Contos Populares Portuguezes/O burro do azeiteiro
Dois estudantes encontráram n'uma estrada um azeiteiro que ia guiando um burro, carregado de bilhas de azeite. Os estudantes que estavam sem dinheiro, ficaram muito contentes com aquelle encontro e combináram furtar o burro do azeiteiro para o venderem; e emquanto o pobre homem seguia o seu caminho muito socegado da sua vida, levando pela mão a arreata do jumento, um d'elles tirou a cabeçada do burro e collocou-a no pescoço, e o outro escapou-se com o burro e a carga. O que ficou em logar do animal, parou fazendo com que o azeiteiro olhasse para traz. Qual não foi, porem, o espanto d'este vendo um homem em vez do burro!…

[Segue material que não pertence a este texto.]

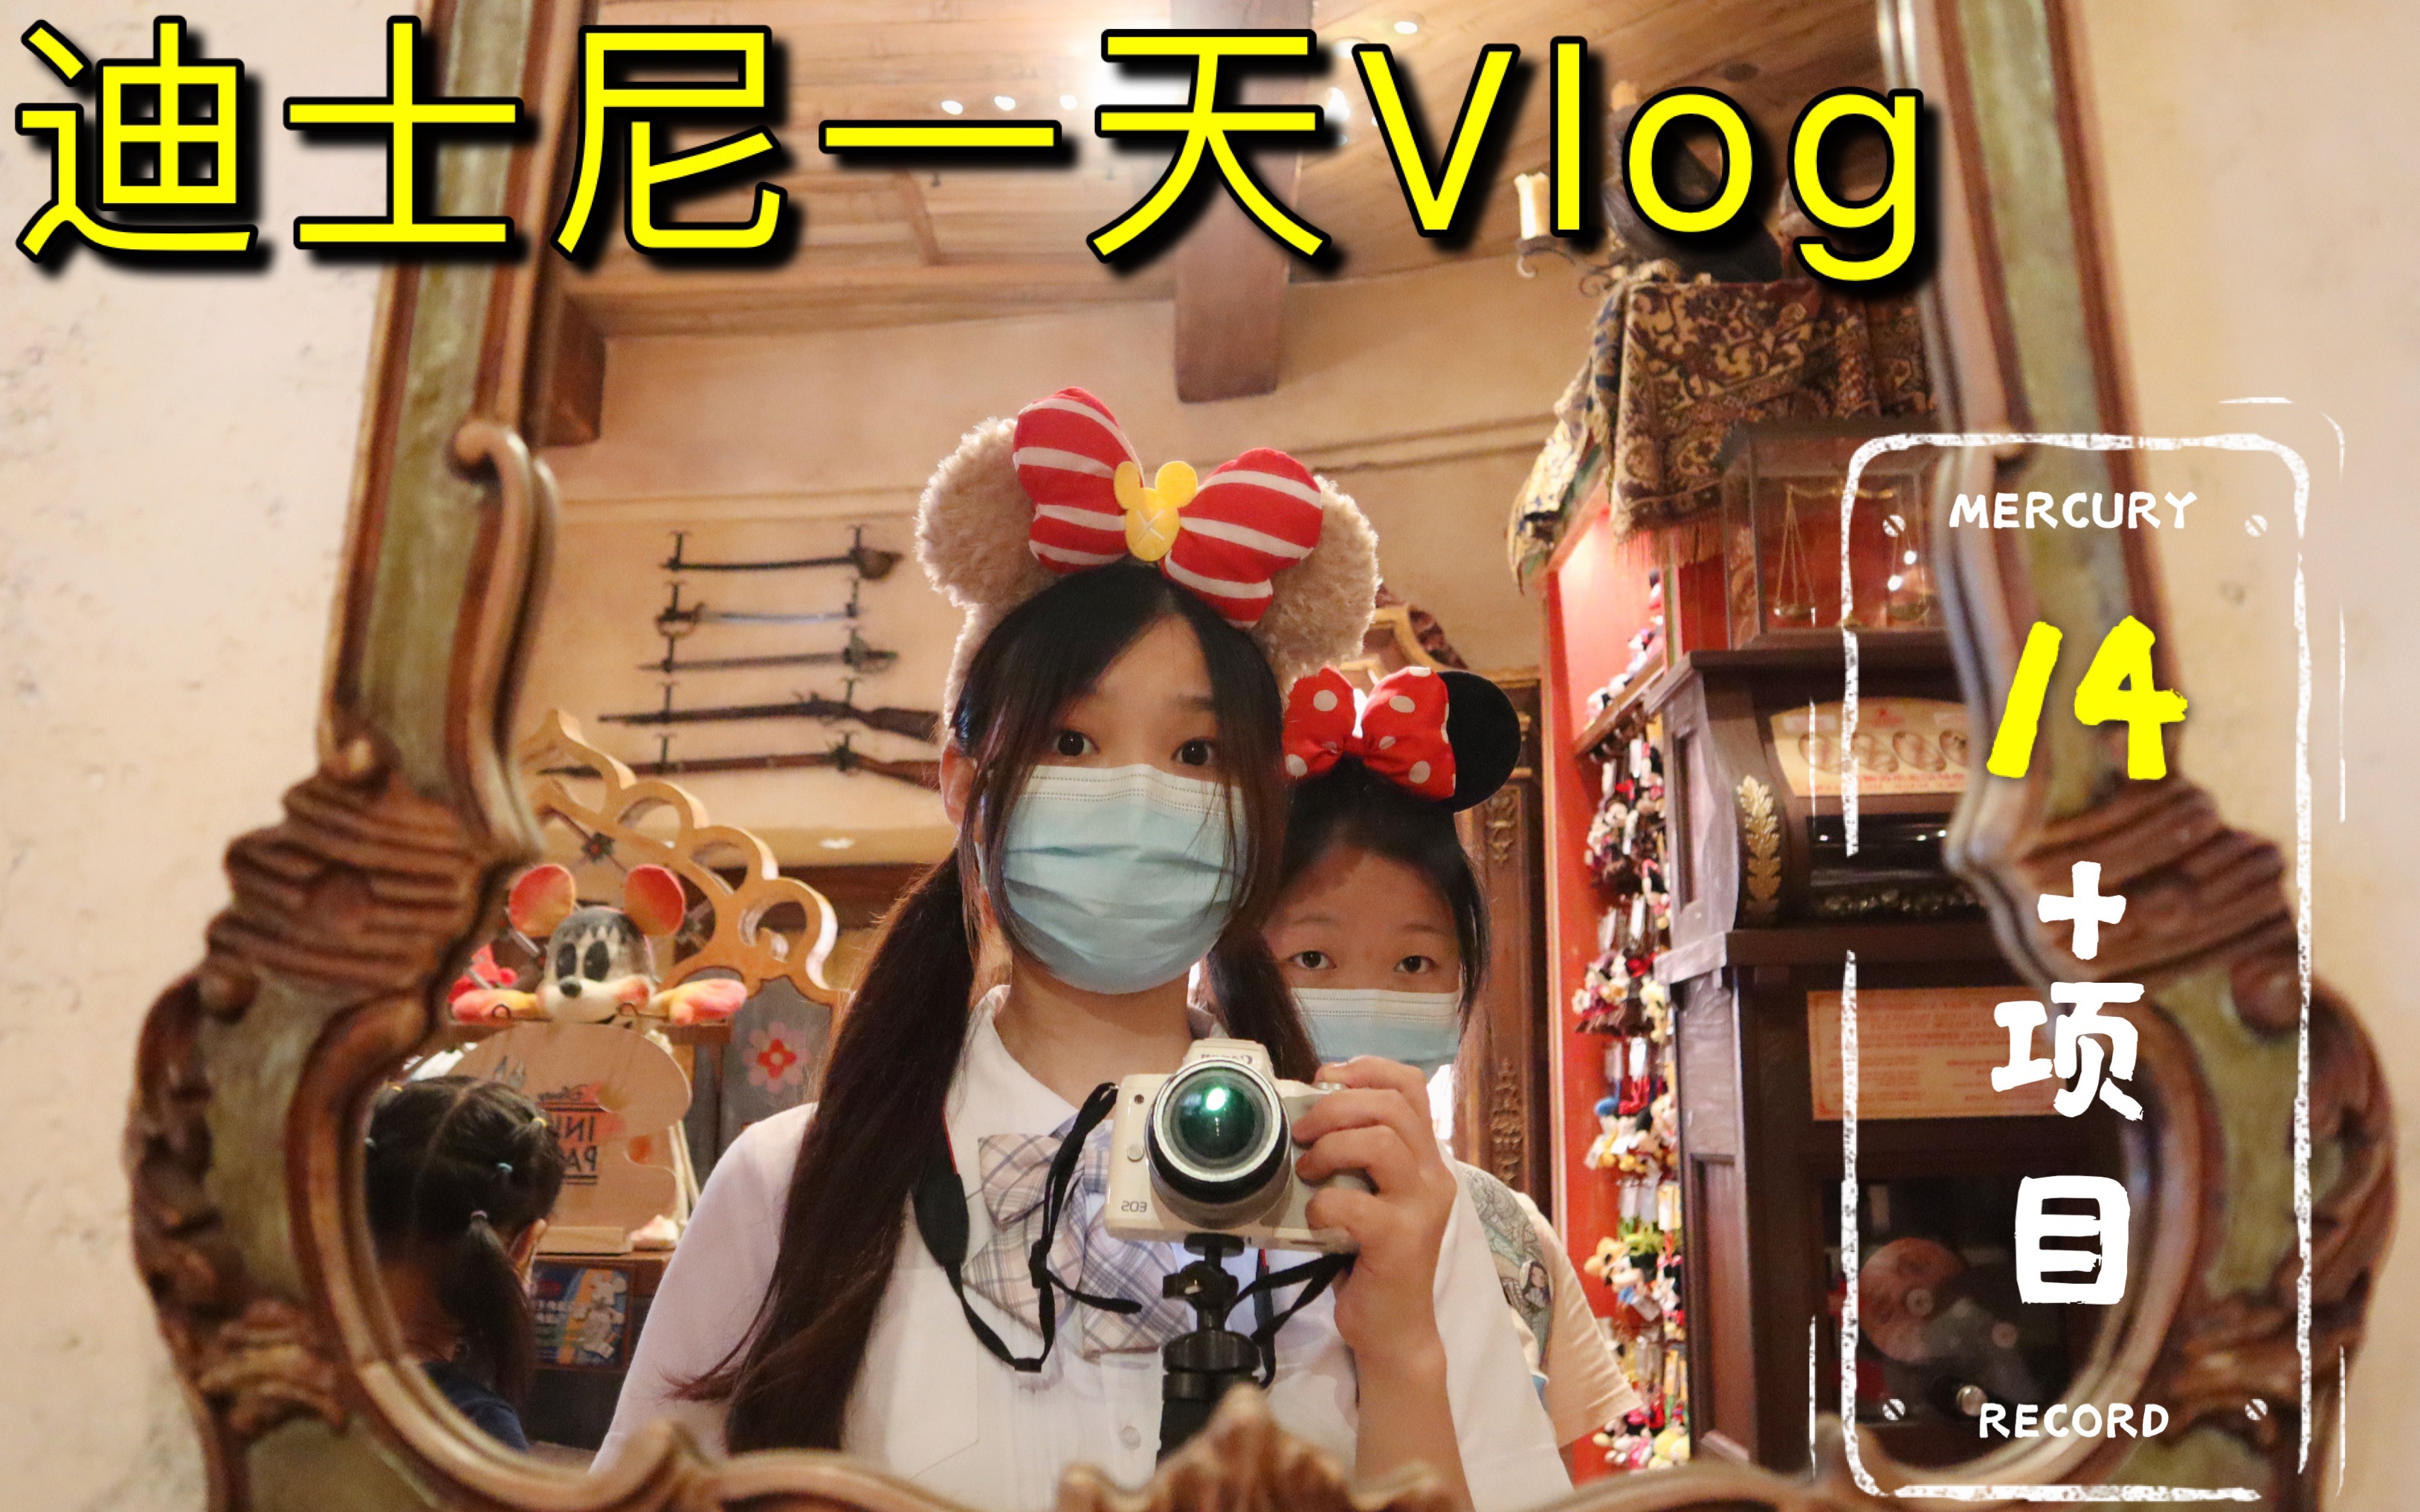 上海迪士尼vlog｜一天玩遍上海迪士尼乐园14个项目vlog记录｜攻略

O estudante disse para elle com voz muito terna: «Ah! senhor, quanto lhe agradeço ter-me dado uma pancada na moleirinha! quebrou-me o encanto que durante tantos annos me fez jazer burro!…» O azeiteiro tirando o chapeo, disse-me muito humildemente: «Perdi no senhor, como burro, o meu ganha-pão; mas paciencia! Como homem que agora é, peço-lhe muitos perdões… por tel-o maltratado tanta vez; mas que quer?… o senhor fazia-me ás vezes desesperar com as suas birras, e eu não era senhor de mim!»
— Está perdoado, bom homem! disse o estudante, o que lhe peço é que me deixe em paz.
O pobre azeiteiro, quando se viu só, lamentou-se da sua desgraça, e foi pedir dinheiro a um compadre para ir no dia seguinte á feira comprar outro burro. Quando chegou á feira viu lá o jumento que lhe tinha pertencido, e que o estudante, que elle não vira quando lh'o roubaram, estava a vender. O azeiteiro julgando que o homem-burro se tinha transformado outra vez no seu burro, chegou-se ao pé do estudante e pediu-lhe licença para dizer um segredo ao burro. O estudante disse-lhe que sim e o azeiteiro chegando a bocca á orelha do animal, gritou com toda a força:
«Olhe, senhor burro, quem o não conhecer que o compre.»
(Lisboa, d'uma pessoa d'Almeida, Beira-Baixa).